When playing with Lego, the child learns to select the bricks by comparing the target structure with the available starting blocks. On the other hand, at the planning stage, chemists do the reverse. They use a method called retrosynthetic analysis to design the route to build complex molecules, normally without assumptions regarding starting materials. Retrosynthetic analysis is similar to the concept of reverse engineering: chemists start with the complex, target molecules and then hypothetically break chemical bonds in various ways to arrive at simpler molecules, with the process being repeated until commercial or known starting materials are reached. In the context of a Lego game, this is similar to a case of a child breaking apart a Lego structure to create a smaller structure and repeating the process until they are left with the basic bricks. Since there are many bonds in a molecule, the decision on what bonds must be broken and the order of bond breaking is important. These decisions are often based on the knowledge of bond formations (chemical reactions) as well as the structure of molecules. This process involves imagination and creativity. A good retrosynthetic analysis not only results in a concise plan for making molecules but also inspires the invention of new chemical reactions and reagents, which in turn can be useful tools for creating other complex molecules.

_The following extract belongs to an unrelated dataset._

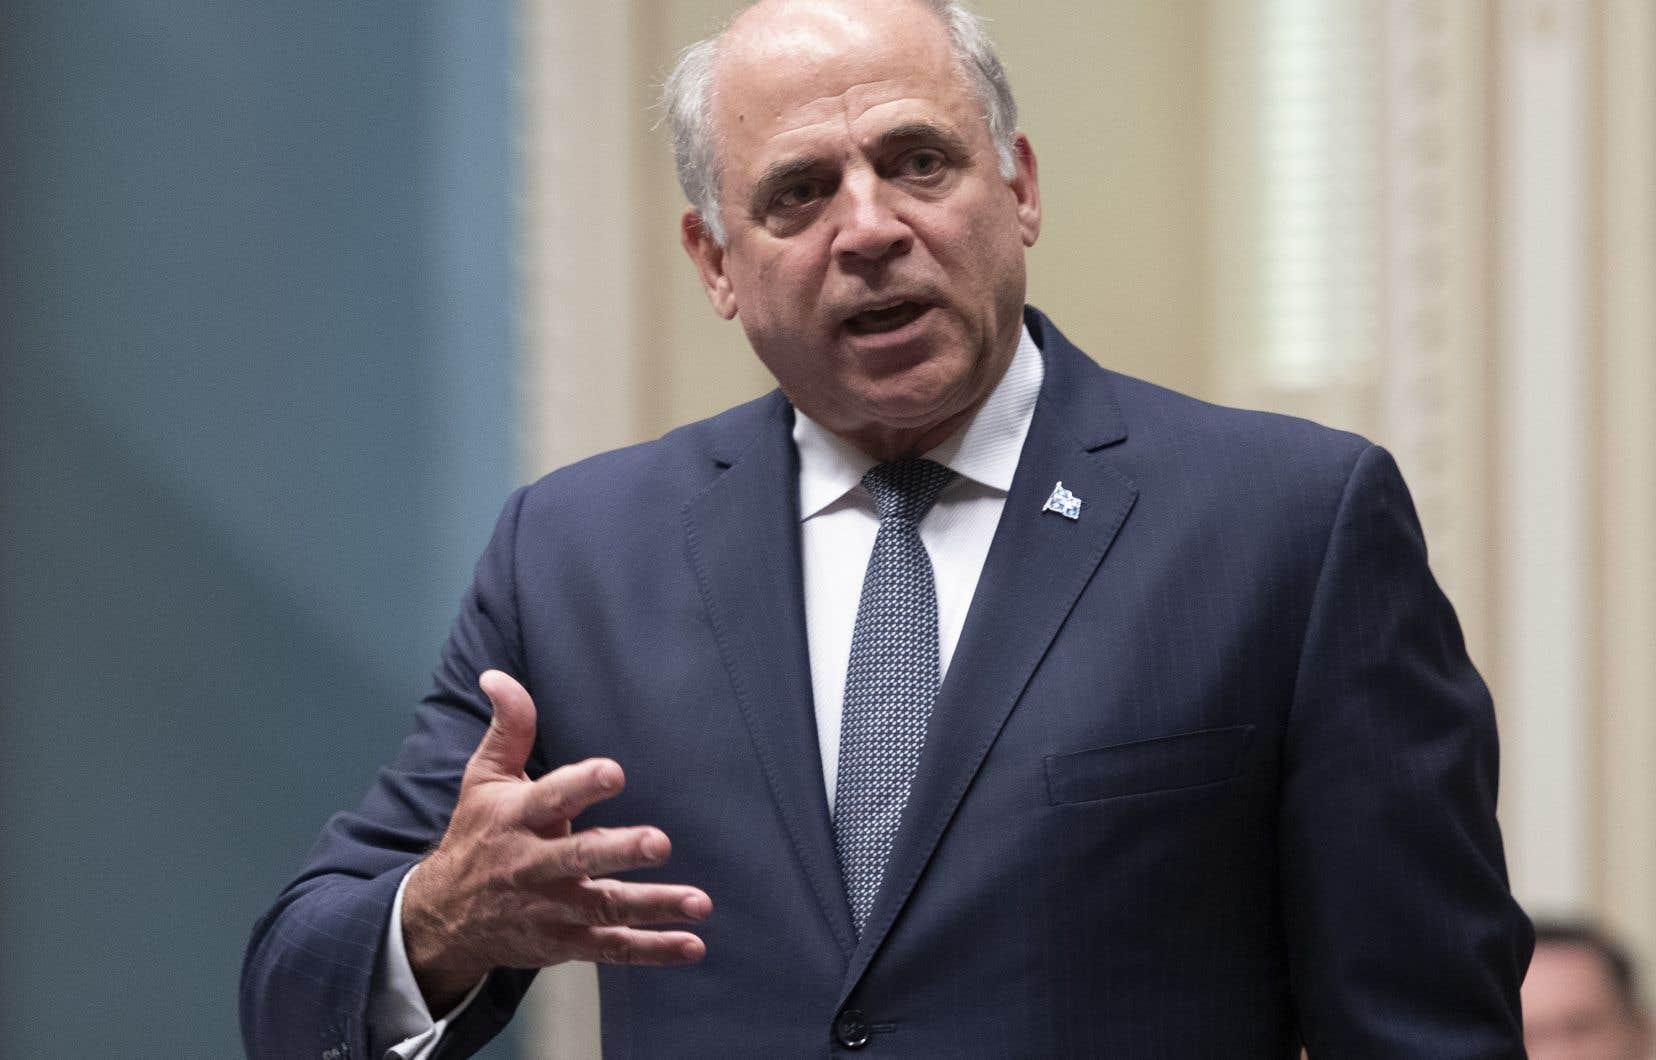 Selon le ministre québécois  de l'Économie et de l'Innovation, Pierre  Fitzgibbon,  il n'y aura pas  de nouvelles mesures d'aide puisque les  programmes  en place sont adéquats.

Figure 3. Comparison of retrosynthetic analysis of a molecule and breaking apart a Lego structure

After designing the backward blueprints, chemists will put it into practice in the forward direction to build the target molecules. Just as the child’s task is to find the right Lego bricks in order to connect them together, a chemist’s task is to find the right starting materials (nucleophiles, electrophiles) and other parameters including temperatures, pressure, and reaction time to create the desired chemical bond. The process includes conducting reactions, isolating products and analyzing data, and involves a lot of trial and error. In addition, chemists often have to revise the initial blueprint in order to progress towards the target molecules. Thus, the synthesis of a complex molecule may take years of effort. A successful synthesis of a complex molecule in the laboratory is often regarded as a scientific achievement as well as a creation of art.

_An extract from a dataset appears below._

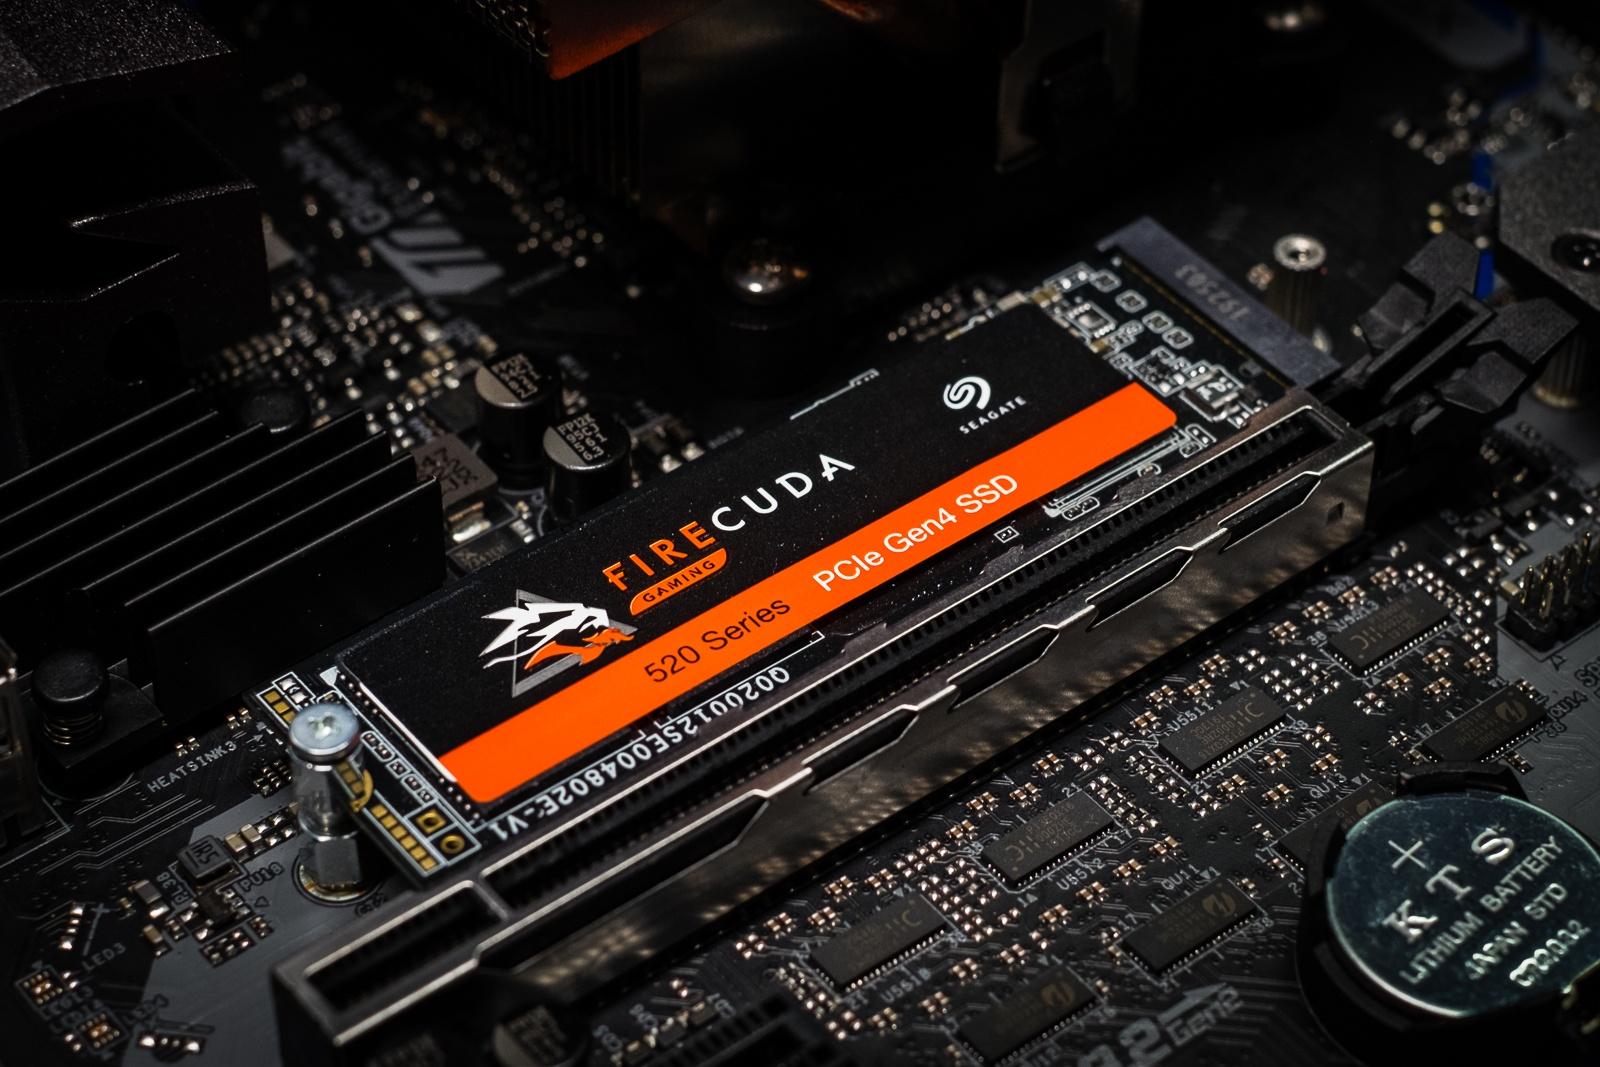 Зачем нужен SSD с интерфейсом PCI Express 4.0? Объясняем на примере Seagate FireCuda 520 - 1

Figure 4. An example of a synthesis in our laboratory

Figure 4 presents a project in our laboratory in ball-and-stick models. The target molecule is prednisone, an immunosuppressant drug. In the beginning, we strategically planned to break the two bonds (shown with arrows) to transform prednisone into simpler fragments A and B. In the forward direction, the negatively charged fragment A (a nucleophile or a nucleus-loving molecule) is thought to react with positively charged fragment B (an electrophile or a electron-loving electron molecule) to form the first chemical bond. The second bond can theoretically be achieved using a more complicated reaction called an oxidative coupling. After working on this project for three years, we discovered that fragment A’, a derivative of A, can be used to connect with fragment B and fragment C to make compound D, which has a similar structure to prednisone. Our laboratory is continuing to investigate how to transform compound D to prednisone. Importantly, the discovery of fragment A’ has inspired the development of a new method for chemical bond formation, which could potentially be used for the synthesis of other classes of compounds.

The process of building complex molecules involves creativity, problem-solving skills as well as a significant amount of work. It requires years of learning and experience. However, the world of molecules and atoms can be intuitively understood with the simple ideas of positive and negative interactions. With this notion, the art of creating molecules, in part, can be appreciated from learning the process of building Lego structures. Importantly, these creative achievements have been, and will continue to be, our essential weapons against diseases.

Hai Dao is a 2011 fellow of the Fulbright Science & Technology Award, from Vietnam, and a PhD student in Organic Chemistry at The Scripps Research Institute.